* **What to produce**
Images should be left out, and everything else in the listing reproduced exactly.

* **Supplied information**
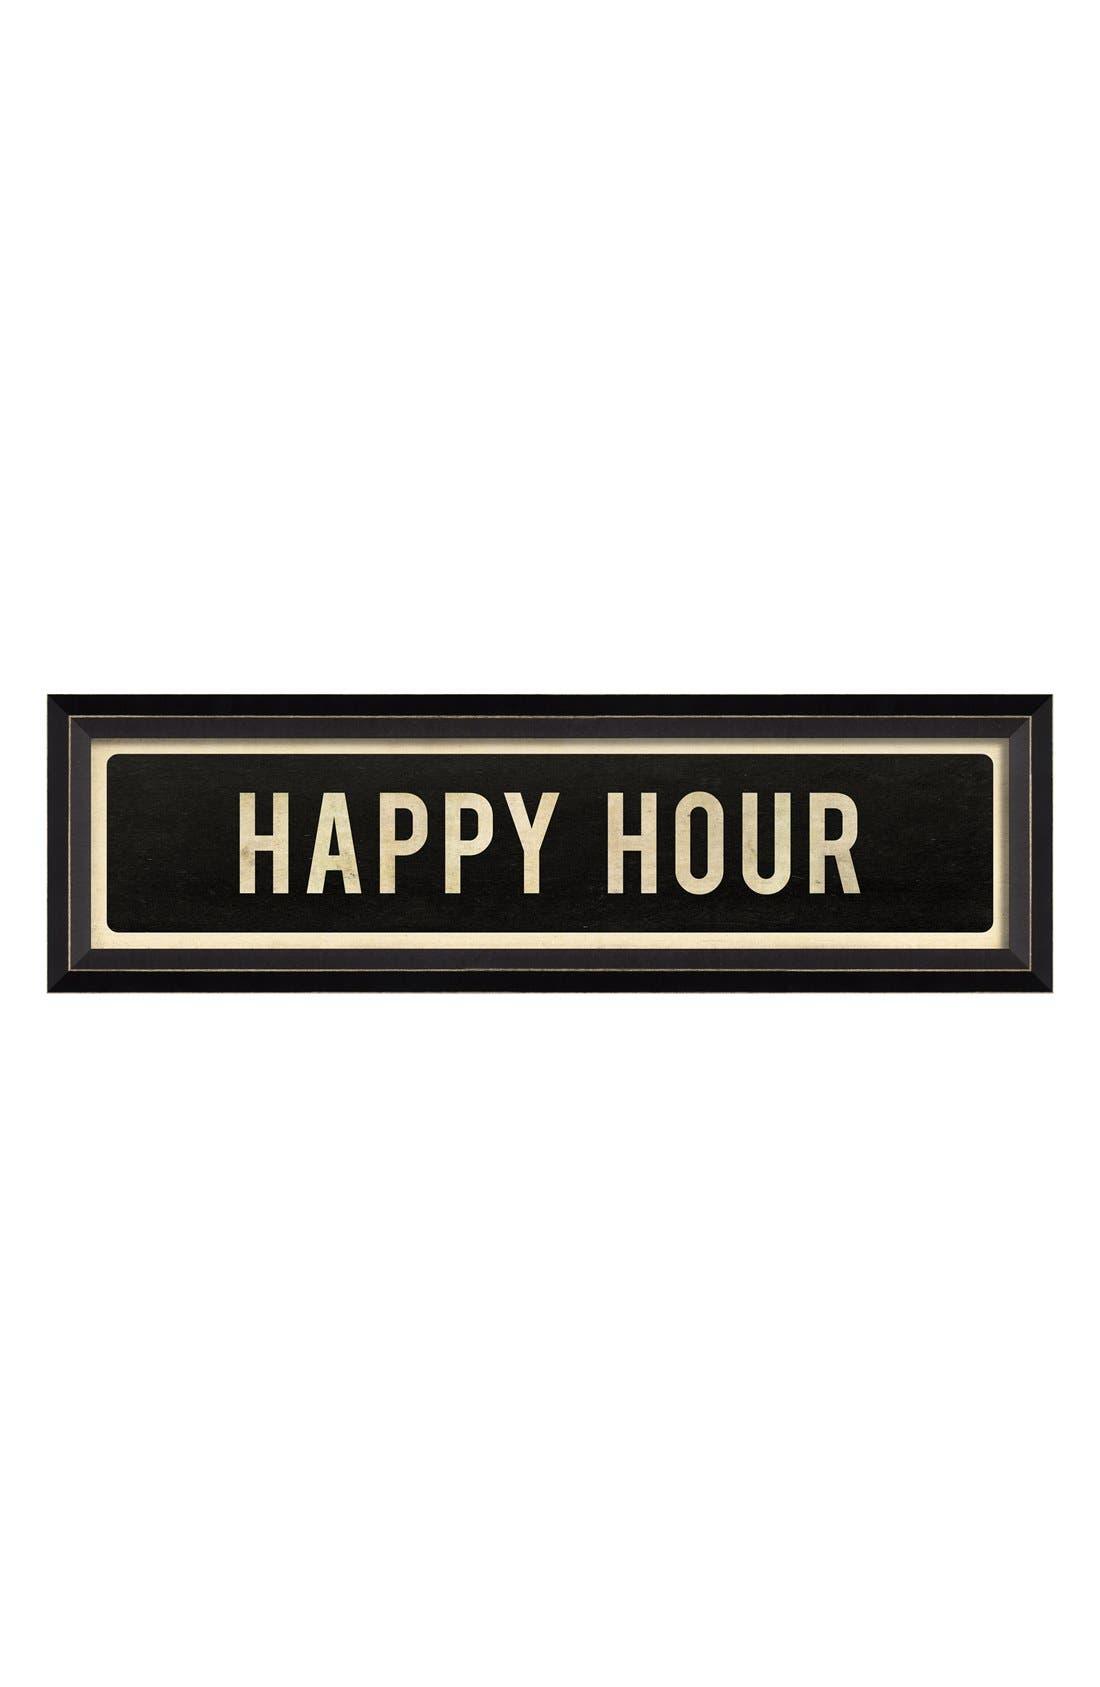 'Happy Hour' Vintage Look Street Sign Artwork,                         Main,                         color, Black
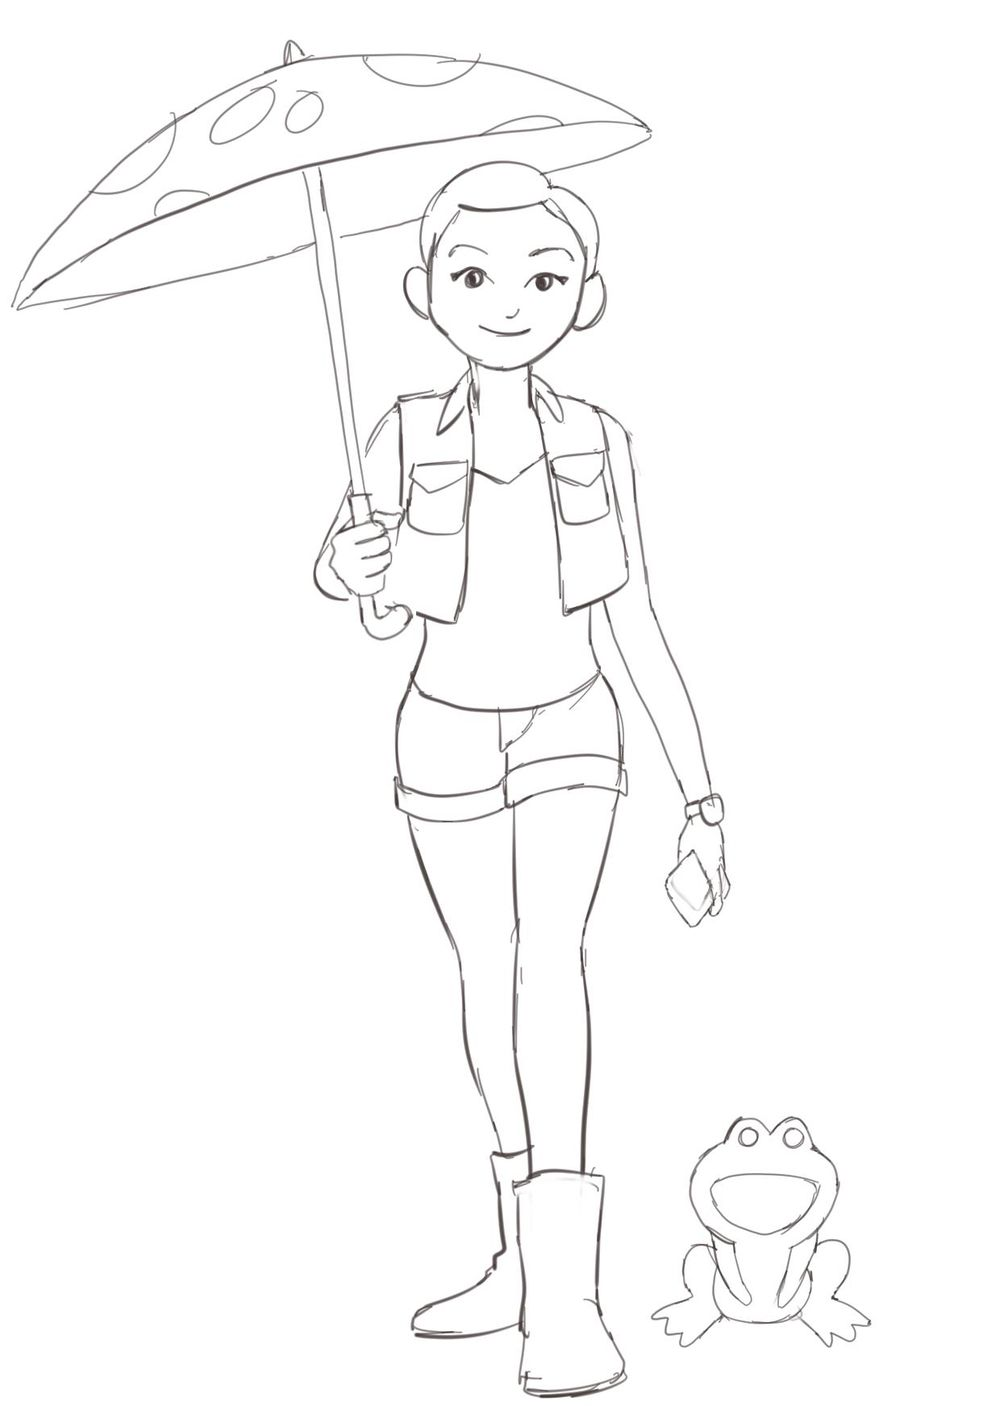 Rain Girl - image 1 - student project
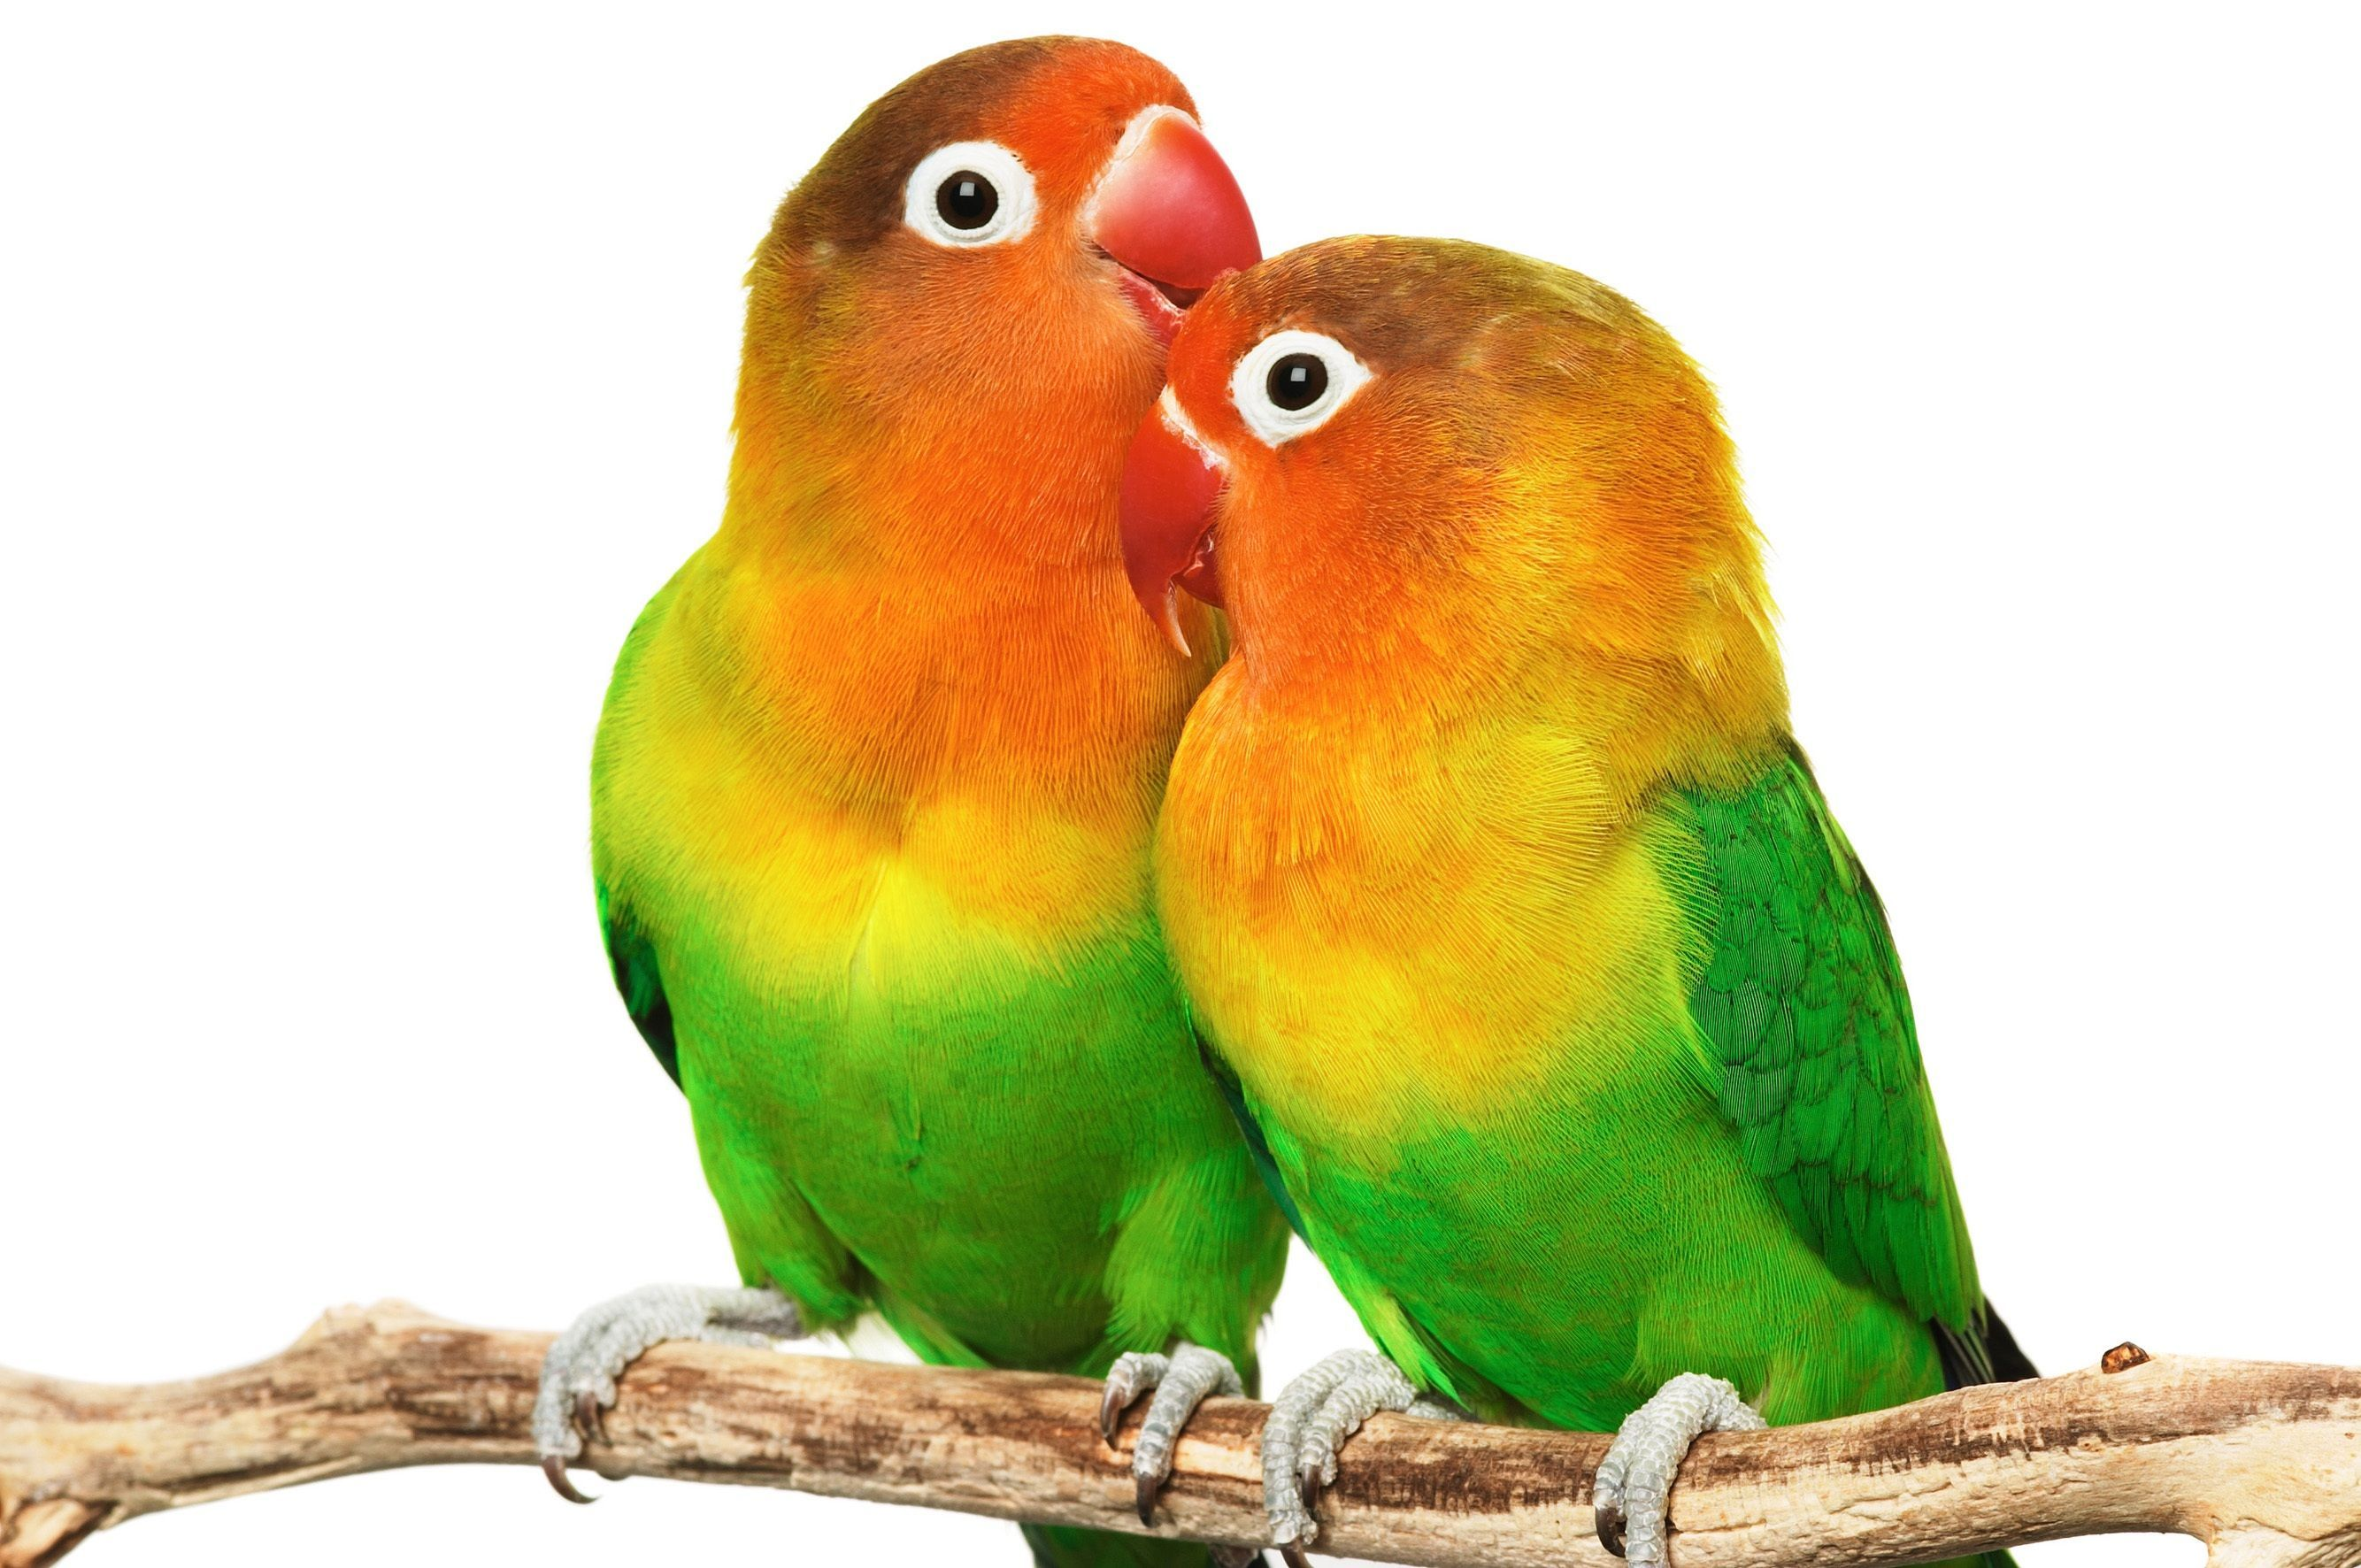 Love Birds Wallpapers On Wallpaperdog
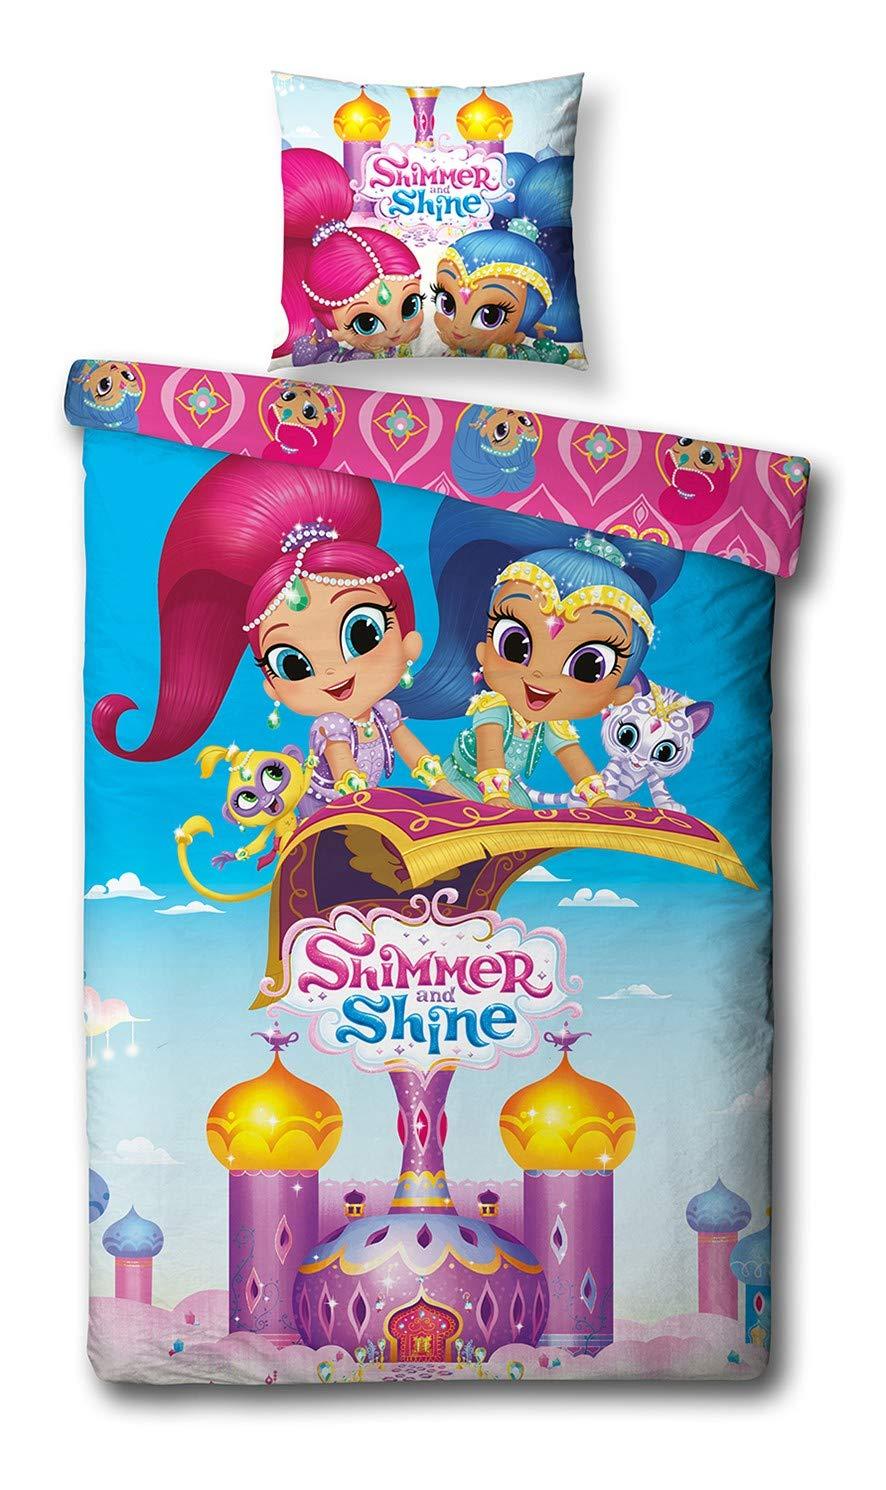 Amazon.com: Nickelodeon Shimmer and Shine - Juego de funda ...

* **Answer space**
 'Happy Hour' Vintage Look Street Sign Artwork,                         Main,                         color, Black
 Rain Girl - image 1 - student project
 Love Birds Wallpapers On Wallpaperdog
 Amazon.com: Nickelodeon Shimmer and Shine - Juego de funda ...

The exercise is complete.